All rights reserved.


Education is the answer

to our social woes, and not

the get-a-good-job-after-high-school,

but the deep plodding kind, the making-

of-many-books kind, get-everybody-

together-to-debate-the-big-questions


kind. When I’m in Walmart

and some kid dangling by the wrist

is screaming, his mom in shorts that

slice her thighs saying something

deep to him through her teeth,

her long hair smelling like she has


more than one job, I know it’s not her fault.

She’s carrying a combination wallet/

cigarette case with a pocket for the lighter.

Her husband — well, the father of her last two,

her divorce isn’t final from her ex —

is waiting in the truck, a Ford. Her dad


had a problem with that until they went

duck hunting and worked it

out. Her man didn’t graduate

even though his junior high let

the boys go when trawling season

began, but each year going back got harder.


She took typing and bookkeeping

and even AP math. She says she manages

a convenience store, where you learn

how to just take on the present.

Right now she just needs

to find that pearl snap for her oldest


and why is it suddenly so dang hard

to find a boy’s twelve pearl snap?

There’re a few like her in every cow town.
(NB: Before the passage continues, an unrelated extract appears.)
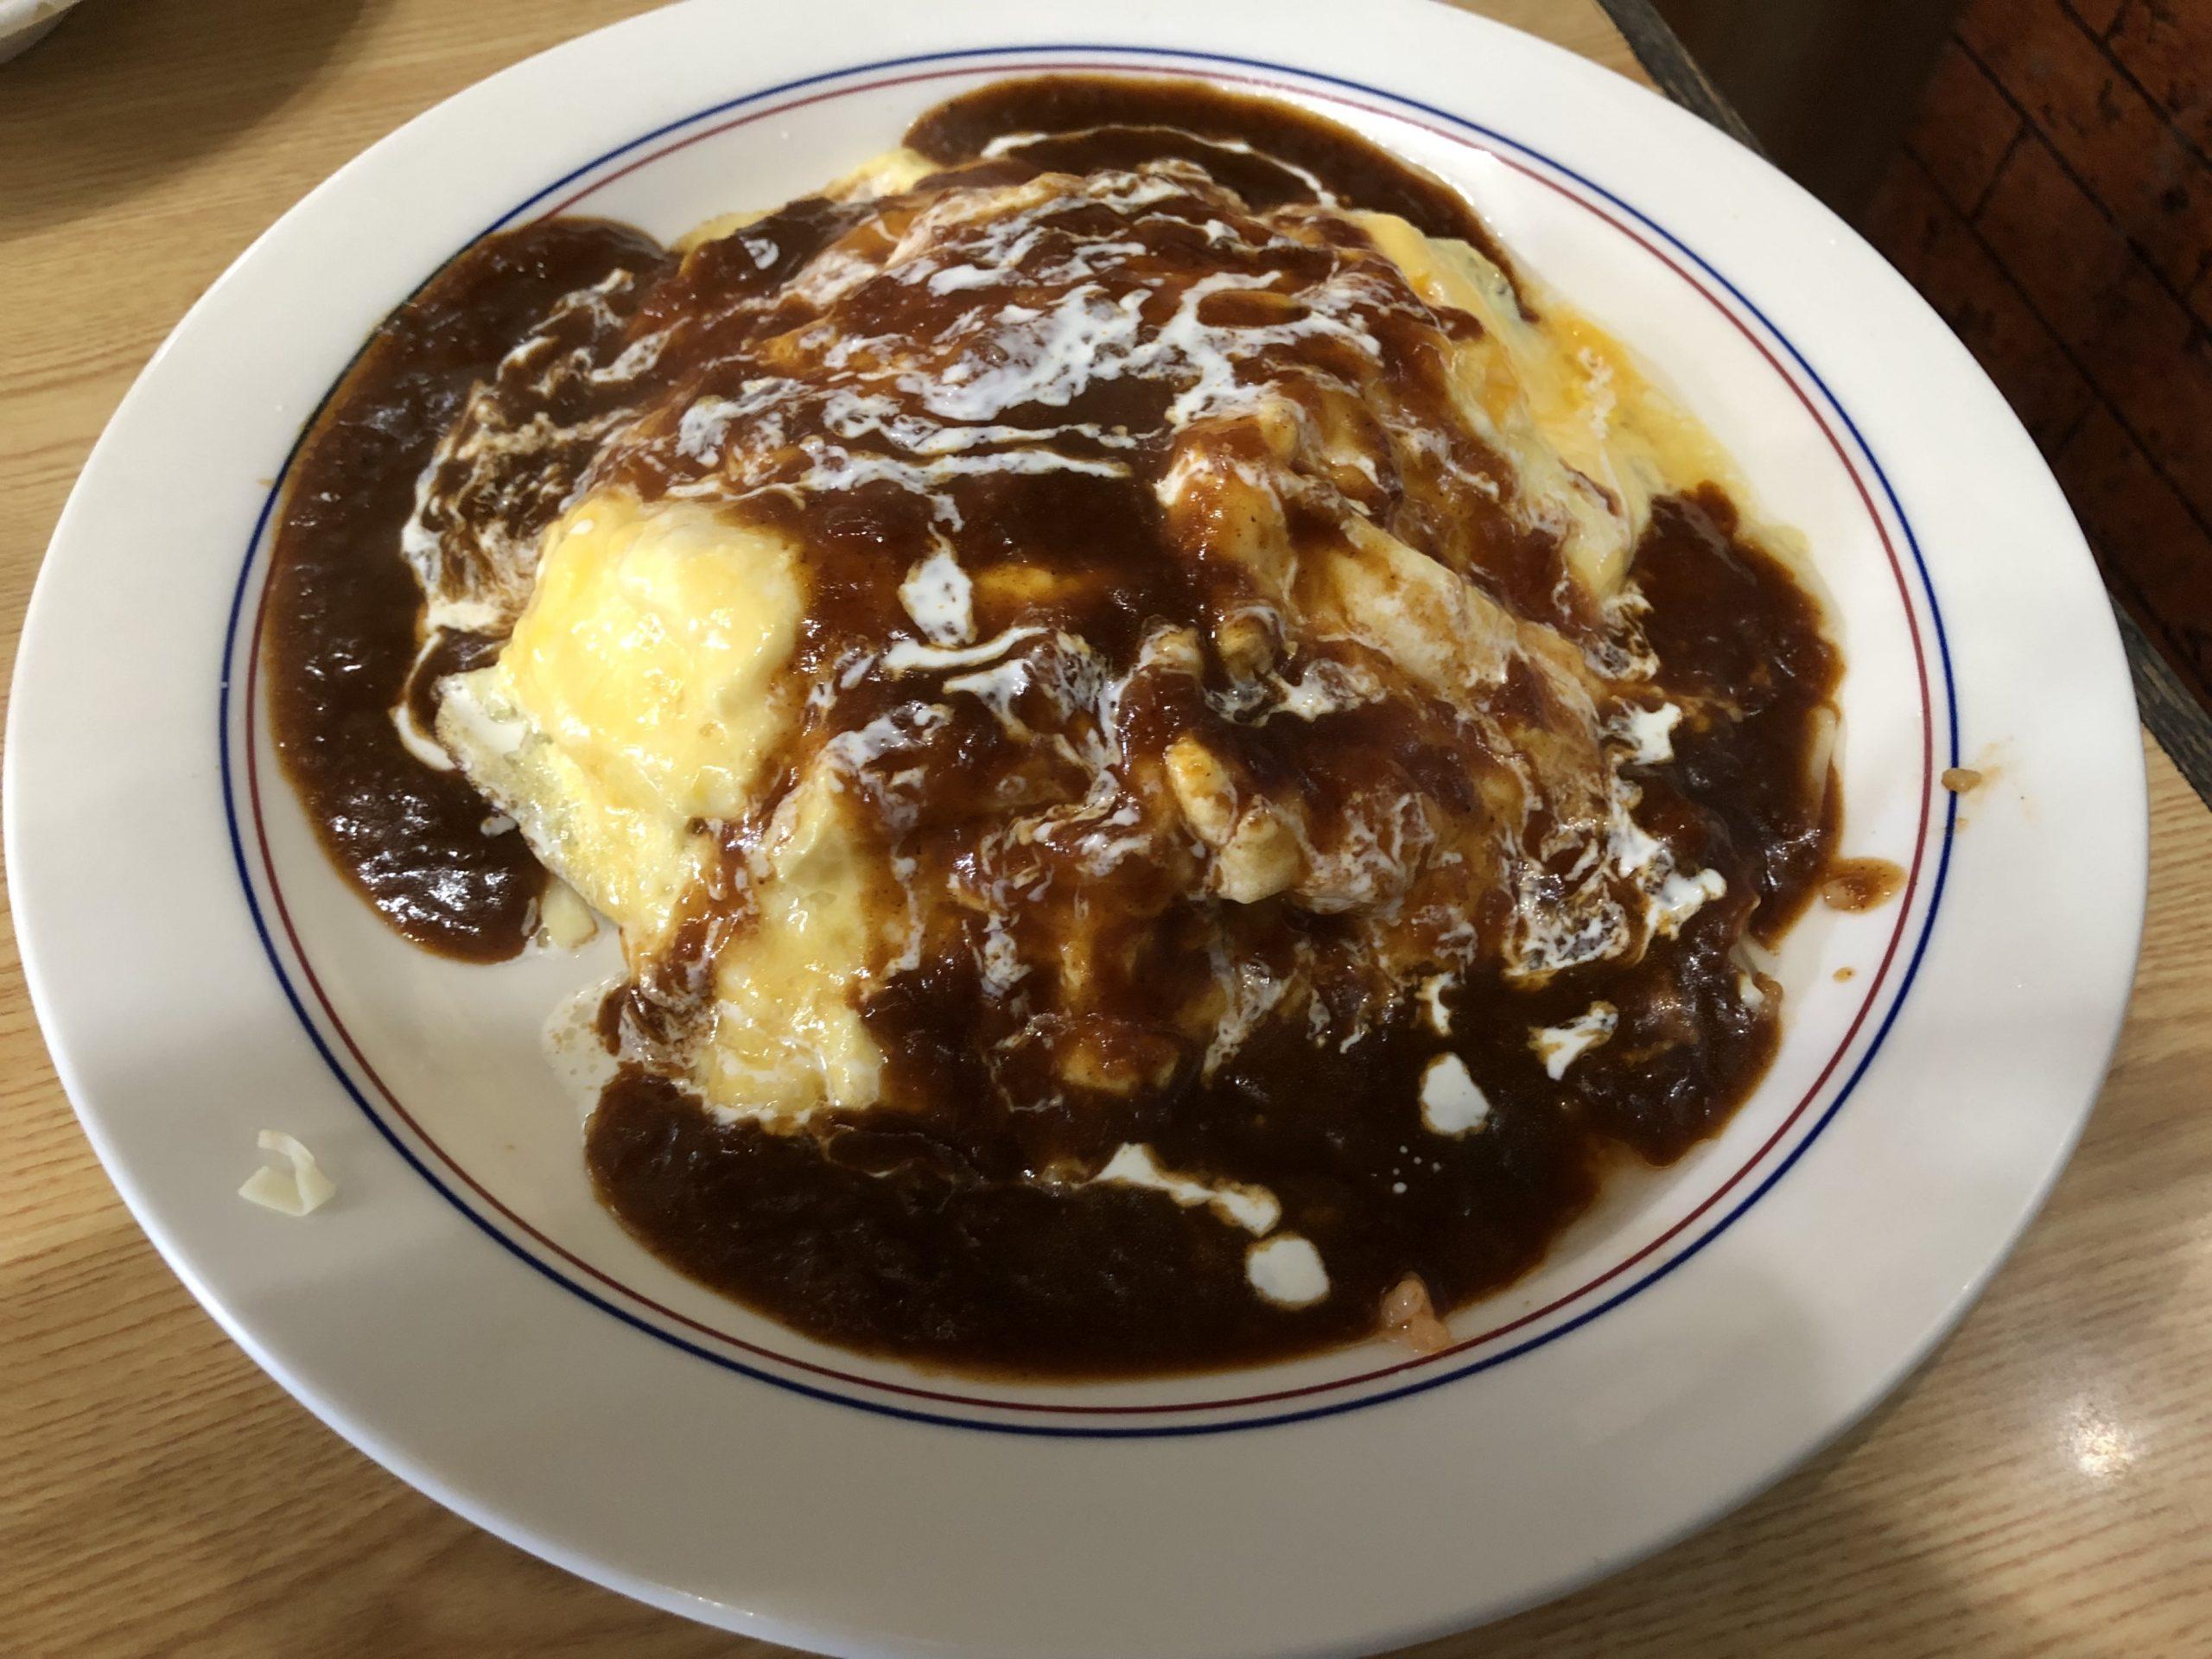 JR宇都宮駅東口近くで見つけた洋食屋さん「紙風船」に初訪問、ほんのりビターなデミグラスソースにチーズたっぷりな「いさおちゃんのオムライス」

When the copter brings a woman’s

child — a certain woman of that kind —

from the parish or the county


to the city, and we all stand around

the trauma bay watching environmental services

sweep up the gauze wrap and cut clothes,

and that woman from the boonies

is still not here, driving her husband’s

truck as hard and steady as she can,


I’ll meet her in family consult

or stand her in the shiny hallway —

she’ll go anywhere — and depending

on what the test tube intern has to say,

she’ll either squat, lay her forearm

against her stomach, and loose


that first wail-groan that defies conceit,

or she’ll tutor me in the language

of living in good faith, of staring

down what I have to say and

opening her mind to it, taking

it in like a nursling and knowing it


whole until the two can sleep side by side.

We tell her, it’s gonna be a long road, and

she says, as long as there’s a road, I’m on it.